Trans-Israel pipeline map

The Trans-Israel pipeline (קו צינור אילת אשקלון), also Tipline, Eilat–Ashkelon Pipeline, or Europe–Asia Pipeline is an oil pipeline in Israel extending from the Gulf of Aqaba on the Red Sea to the Mediterranean Sea. It was originally built to transport crude oil originating from Iran inside Israel and to Europe.

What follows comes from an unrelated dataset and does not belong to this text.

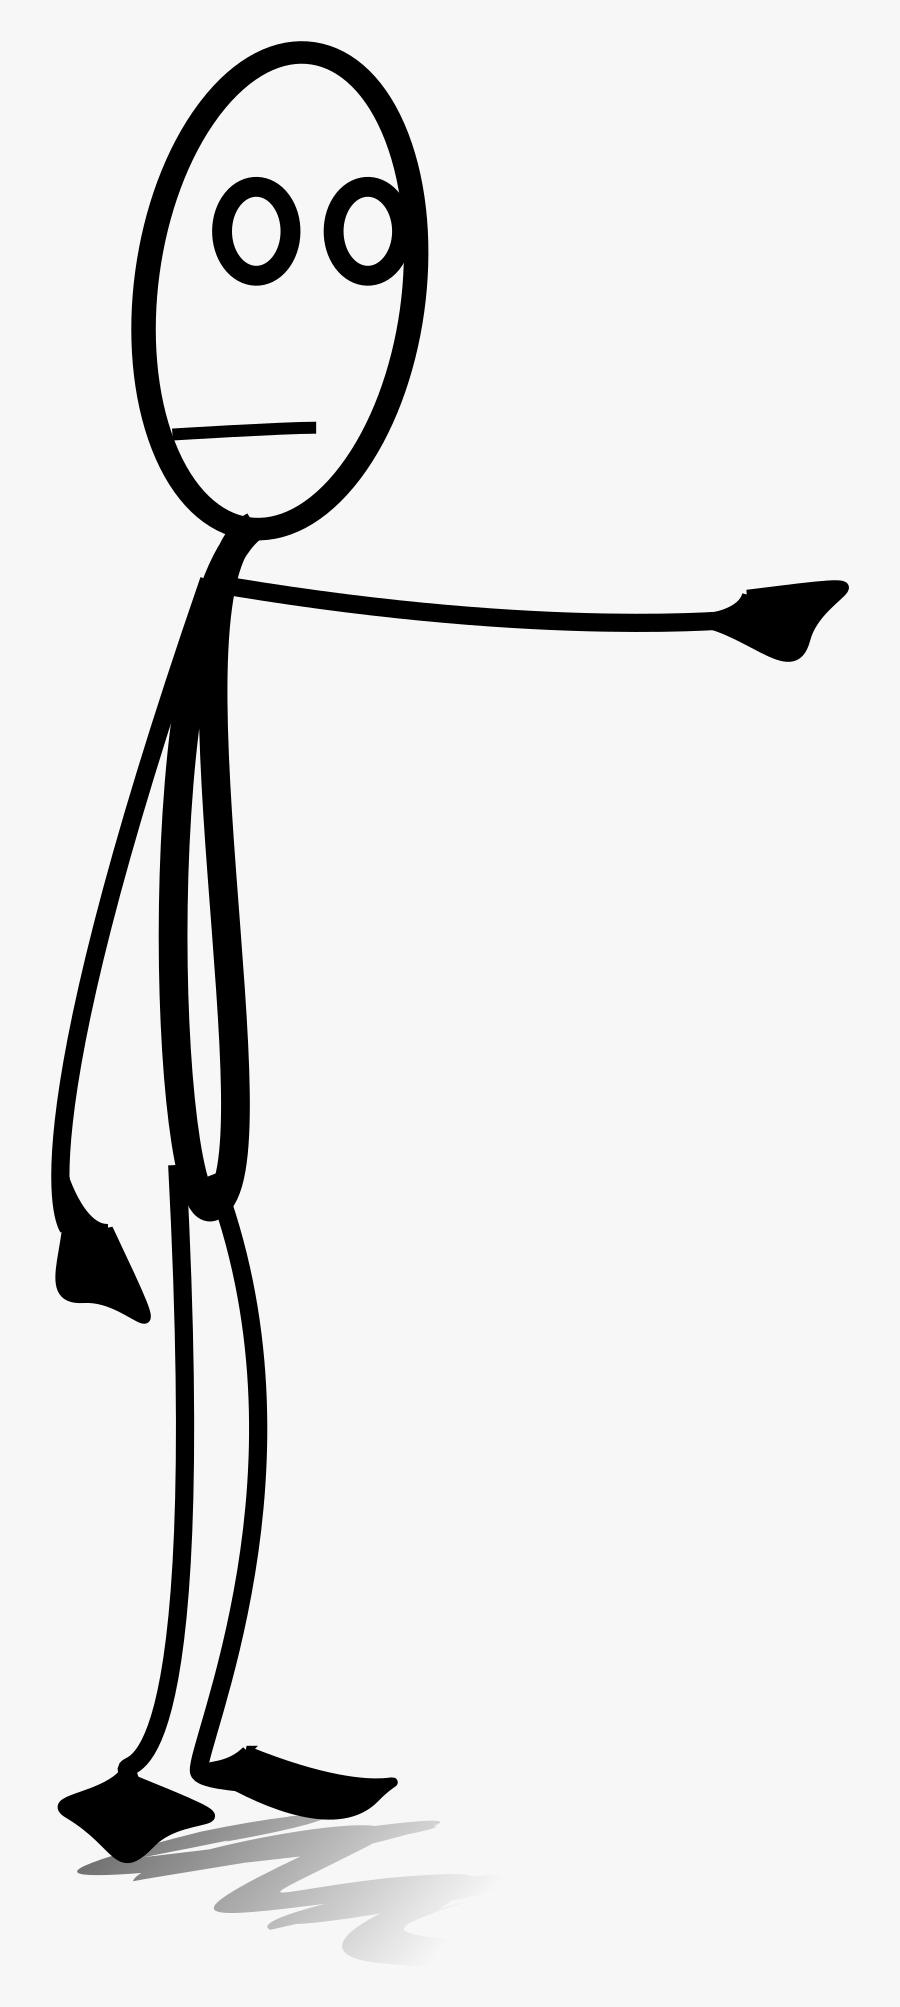 Pointing Clipart Standing - Cartoon Stick Man Png, Transparent Clipart
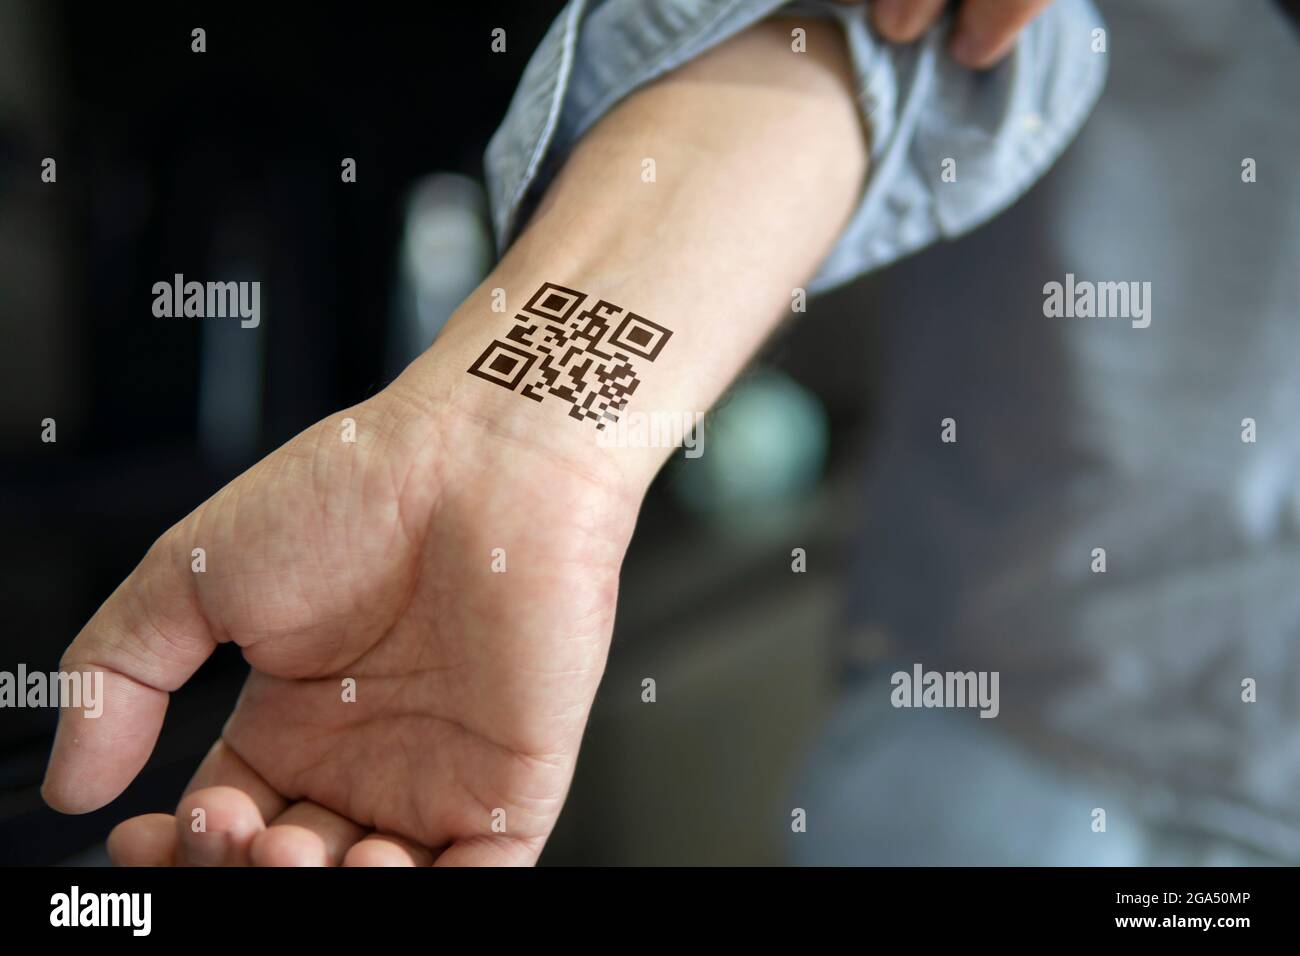 the man shows his hand with a qr code a confirmation of the vaccination against the covid 19 coronavirus temporary tattoo on wrist carpus 2GA50MP

The 254 km, 42" pipeline's capacity from a special pier in Ashkelon to Eilat's port on the Red Sea is 400000 oilbbl per day, and 1.2 Moilbbl/d in the opposite direction. The pipeline is owned and operated by the Eilat Ashkelon Pipeline Company (EAPC) which also operates several other oil pipelines in Israel.

==History==

Following the 1956 Suez Crisis, the Israeli government started the country's first crude oil pipeline between the Red Sea and the Mediterranean Sea with a 24,000 bbl/day 8-inch pipe line from Eilat to Beersheba. Initially augmented by truck and rail transport to the Mediterranean coast and to Israel's only and underutilized refinery at Haifa, the link to the coast was completed in 1957 with a 16-inch line from Beersheba to Ashdod. Tankers were then carrying crude oil to Haifa. The final leg, a 90-mile 16-inch pipe line from Ashdod to Haifa along the coast was completed in July 1958. An expansion of capacity of the 125 mile section from the Red Sea to Beersheba was initiated in February 1960, raising the overall capacity of the system from 30,000 bbl/day to 100,000 bbl/day. The expansion coincided with the beginning of production for export at Haifa, which had been lacking a sufficient supply of crude oil since 1948 and was producing only for the local market.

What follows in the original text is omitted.